Supplied material:
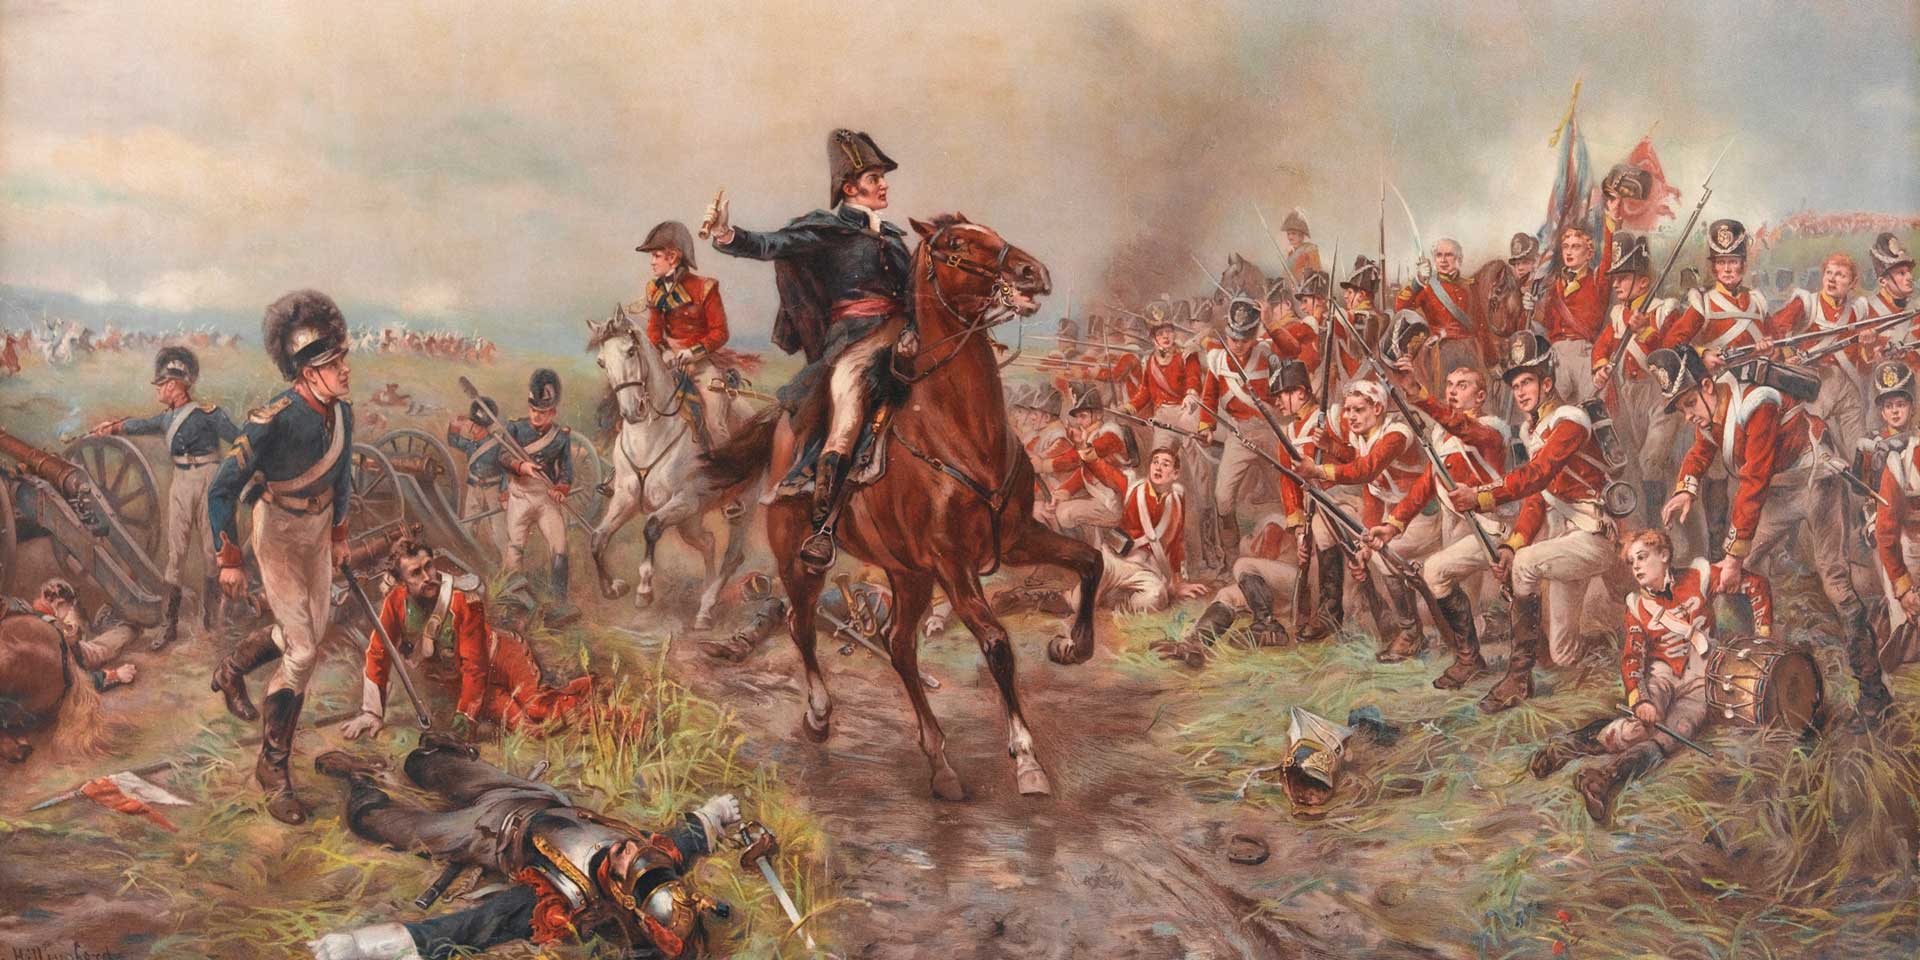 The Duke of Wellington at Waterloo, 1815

---

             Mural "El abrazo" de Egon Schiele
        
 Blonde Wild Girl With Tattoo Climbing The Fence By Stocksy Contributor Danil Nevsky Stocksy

Action item:
Will you return exactly the lines above from the one with "de Egon Schiele" down to the one with "Blonde Wild Girl", counting both as part of the range?

Expected output:
             Mural "El abrazo" de Egon Schiele
        
 Blonde Wild Girl With Tattoo Climbing The Fence By Stocksy Contributor Danil Nevsky Stocksy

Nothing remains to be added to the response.